Almost all airlines offer the best sale prices on Tuesdays. You don't have to fly on Tuesdays, just purchase the flights.


----------



## Passepartout (Feb 3, 2017)

They will get along just fine without my business. Not that I'd notice one way or another, because I'd never fly on them.


----------



## b2bailey (Feb 3, 2017)

I have had one very bad experience with Spirit -- and the problem was compounded by lack of a human at their ticket counter (at Atlanta airport) Agents all disappear after last flight leaves.

That being said, I have since fallen for their cheap prices several times with no troubles. I just avoid last flight of the day.


----------



## Sugarcubesea (Feb 3, 2017)

Jan M. said:


> Almost all airlines offer the best sale prices on Tuesdays. You don't have to fly on Tuesdays, just purchase the flights.


Good to know. Thanks


----------



## Blues (Feb 4, 2017)

b2bailey said:


> I have had one very bad experience with Spirit -- and the problem was compounded by lack of a human at their ticket counter (at Atlanta airport) Agents all disappear after last flight leaves.



Same thing with Allegiant.  I flew them once on a MRY-SAN route.  2 hours late going out, 3 hours late coming back.  I know that can happen, but wasn't prepared to see the dozens of angry friends/relatives at MRY, who had no idea what had happened to the flight, and no gate agents in sight.


----------



## Jan M. (Feb 5, 2017)

Blues said:


> Same thing with Allegiant.  I flew them once on a MRY-SAN route.  2 hours late going out, 3 hours late coming back.  I know that can happen, but wasn't prepared to see the dozens of angry friends/relatives at MRY, who had no idea what had happened to the flight, and no gate agents in sight.

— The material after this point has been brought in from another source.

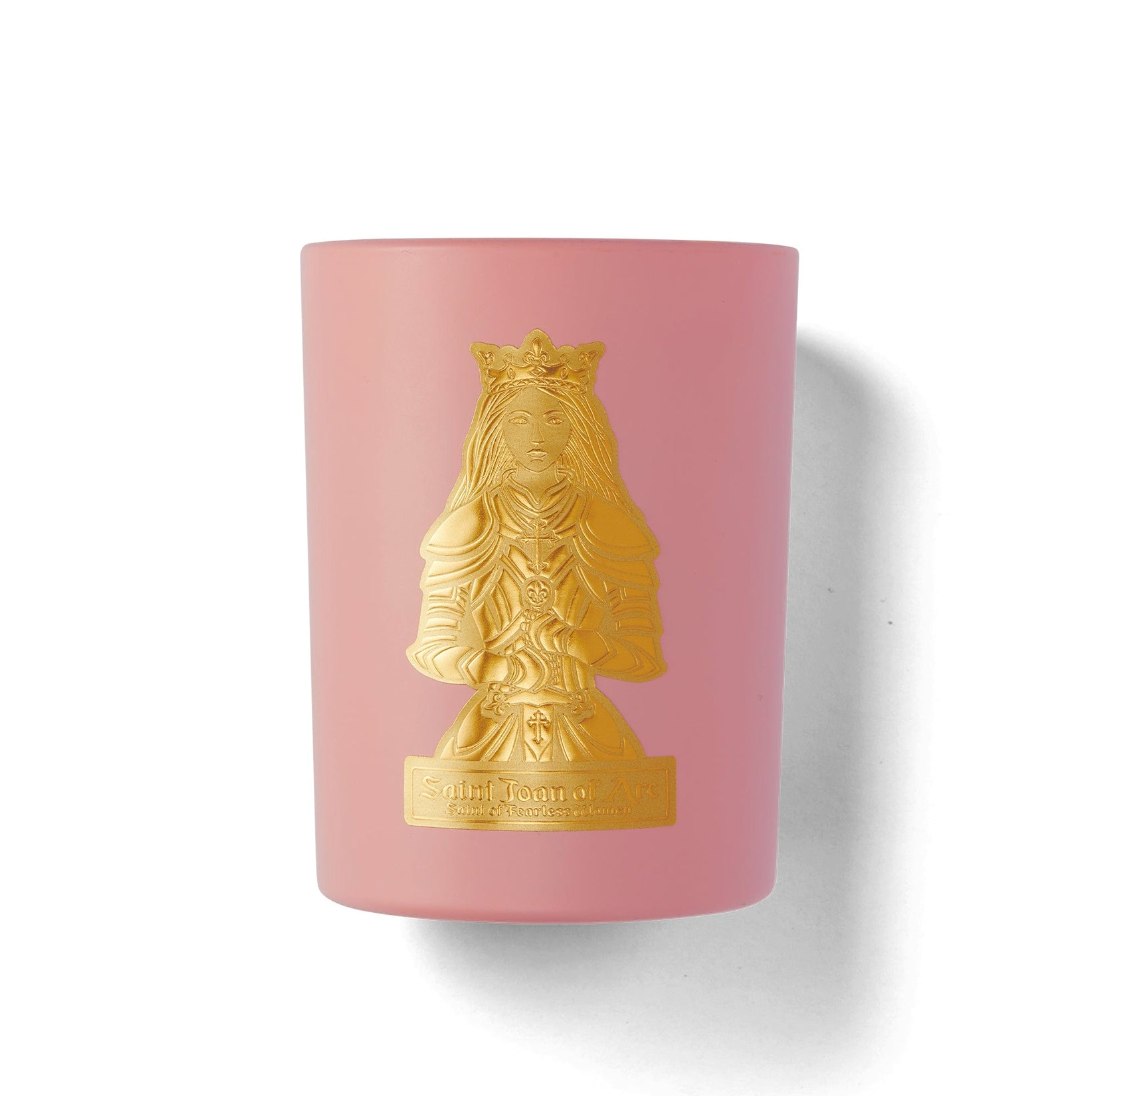 SPECIAL EDITION SAINT JOAN OF ARC CANDLE

I've experienced 2-3 hour delays with Allegiant and I do upon occasion fly Allegiant. Unlike Spirit they don't have a big presence at the airports they fly in and out of. Spirit has other planes and crews they will bring in to keep the flights as close to being on schedule as possible, unless of course there is a weather issue affecting every airline at that airport. With Allegiant if there is any delay in a stop prior to yours then your flight will be seriously delayed. When I have an afternoon or particularly an evening flight I'm always mentally prepared to wait and tell whoever is picking me up not to leave for the airport without checking to see when the flight will be arriving.



b2bailey said:


> I have had one very bad experience with Spirit -- and the problem was compounded by lack of a human at their ticket counter (at Atlanta airport) Agents all disappear after last flight leaves.
> 
> That being said, I have since fallen for their cheap prices several times with no troubles. I just avoid last flight of the day.



Airlines typically don't have their counters manned when they have no flights departing. Spirit has grown so much in the last few years that they have more flights leaving now. I often fly out on the last flight of the day on Spirit and have not had problems. 

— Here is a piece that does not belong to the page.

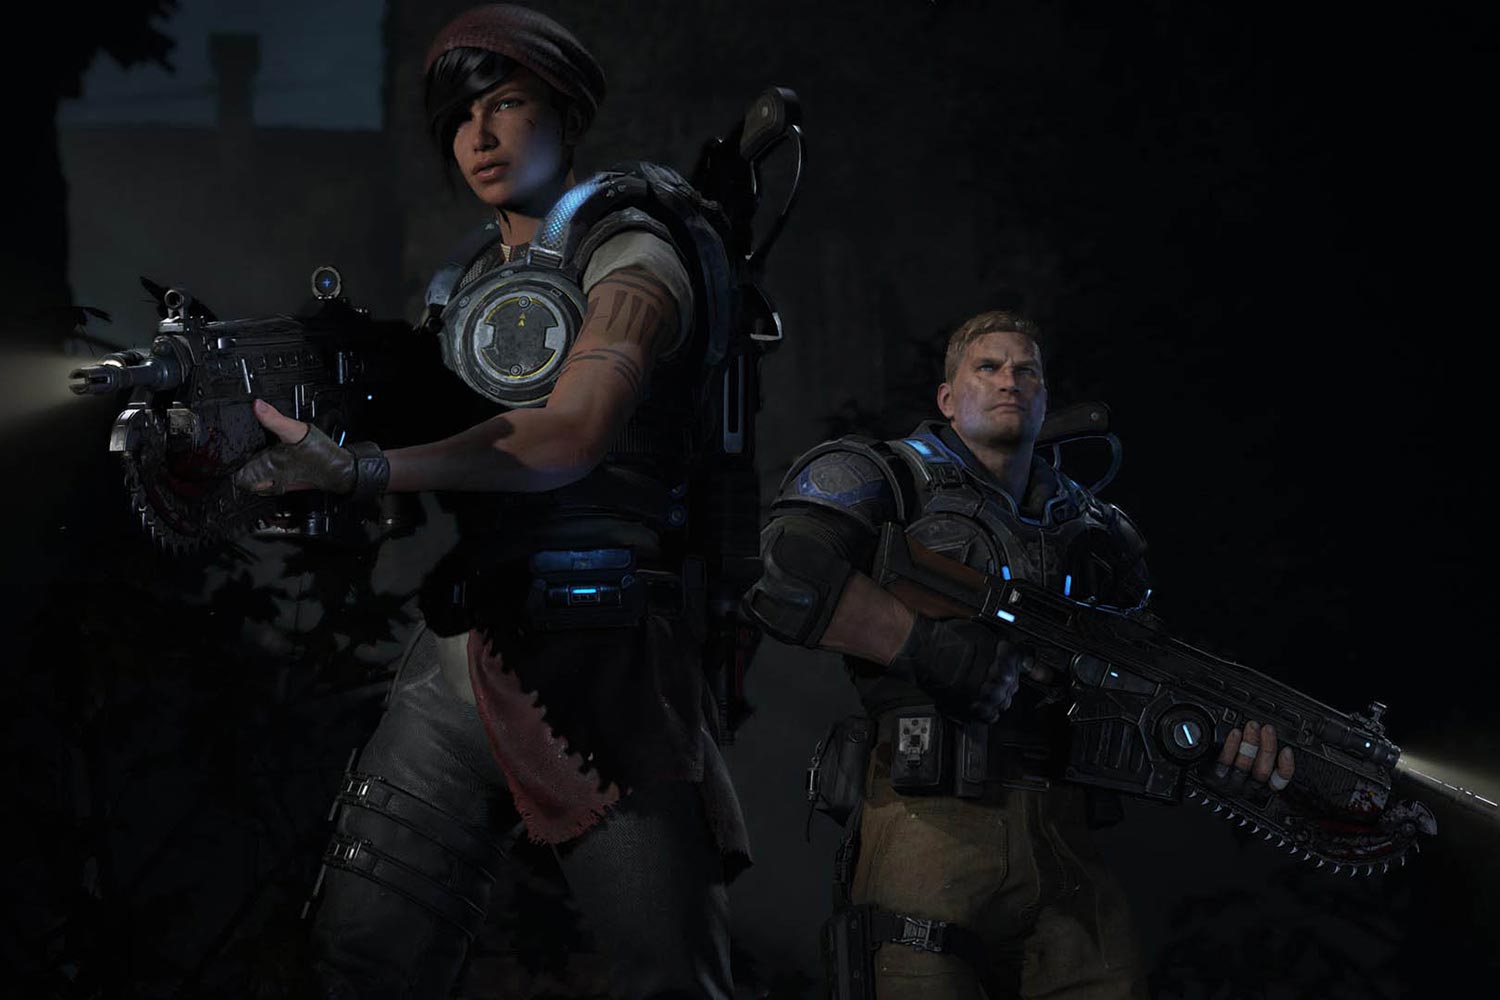 Basic information and tips - Gears of War 4 Game Guide

The airport terminals are usually pretty empty and even the food places are closed late at night. A couple of years ago my husband was traveling for business, had an evening flight with a connection and he wanted to eat dinner during the wait between flights to fill up the time. I kept pushing him to have dinner before the left, told him that he hadn't flown an evening flight in quite a while and wasn't going to find a restaurant open. He was shocked to find that there wasn't a decent restaurant open and still serving after about 9pm in a major city airport and that his only option was fast food. At the Wendy's he asked for a cup of coffee and was told they don't have coffee that late in the evening.


----------



## BocaBoy (Feb 5, 2017)

Passepartout said:


> They will get along just fine without my business. Not that I'd notice one way or another, because I'd never fly on them.

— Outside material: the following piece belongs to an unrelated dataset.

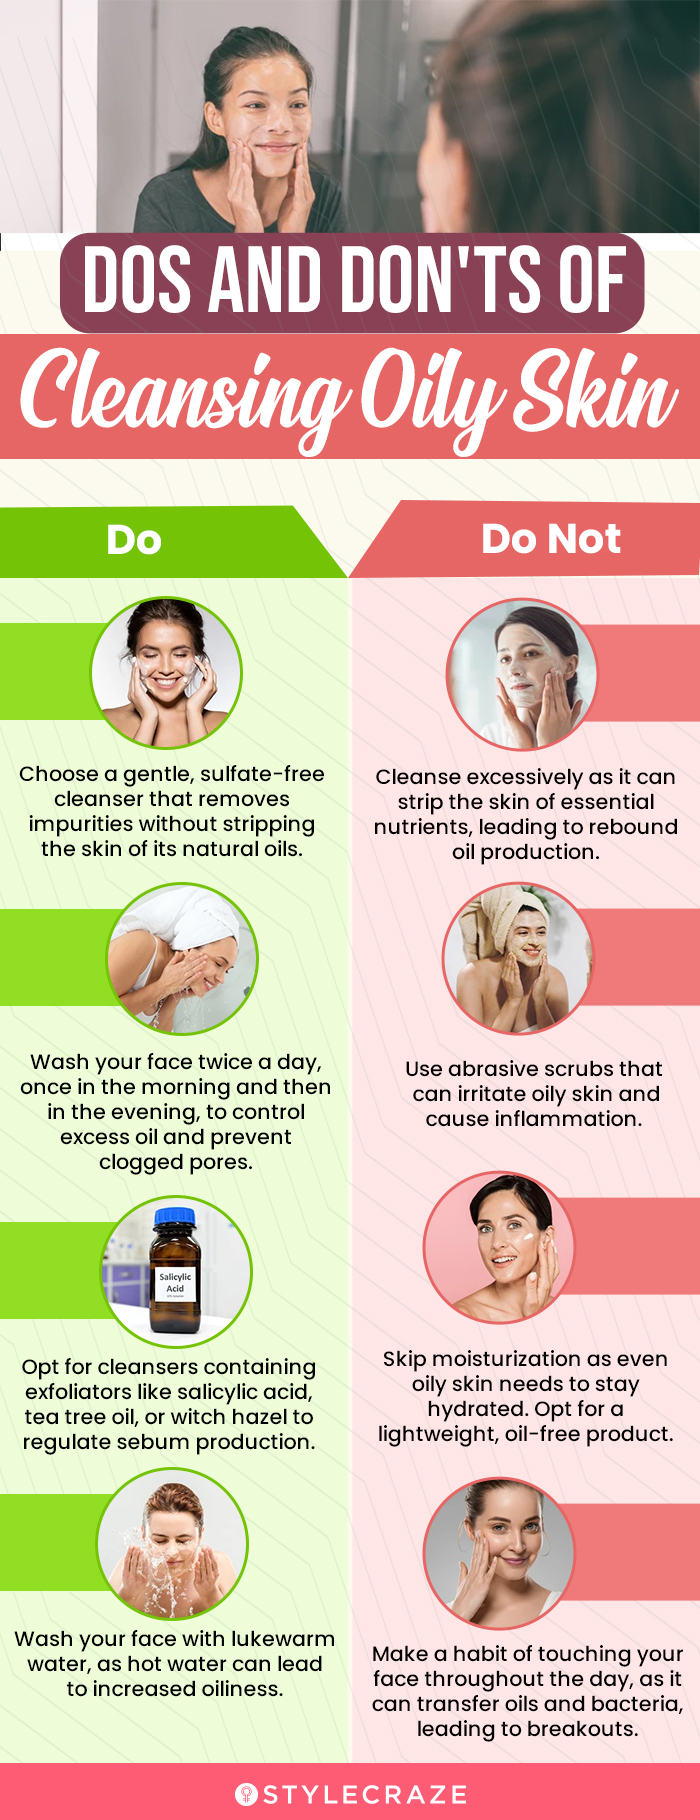 Dos and Don'ts Of Cleansing Oily Skin (infographic)

Even if I could save significant money I would never fly them.


----------



## Jan M. (Feb 5, 2017)

BocaBoy said:


> Even if I could save significant money I would never fly them.



Your money, your choice.


----------



## dominidude (Feb 6, 2017)

If you ever pay for luggage, even on Spirit, you're not keeping up with the times.
You can now wear your luggage, not only is it free to carry on board a plane, it actually leaves your hands free.
This is no joke.


----------



## Ty1on (Feb 6, 2017)

And if it gets lost, it's only because you got lost.


----------



## tschwa2 (Feb 8, 2017)

b2bailey said:


> I almost purchased a travel bag from Samantha Brown last week because she said it was guaranteed to fit every airline's carry-on requirement. She will need to rewrite her script.


i'm sure it fits Spitit's carry on requirement- the regular size paid carry on allowance.  Just not Spirit's free personal size bag allowance.


----------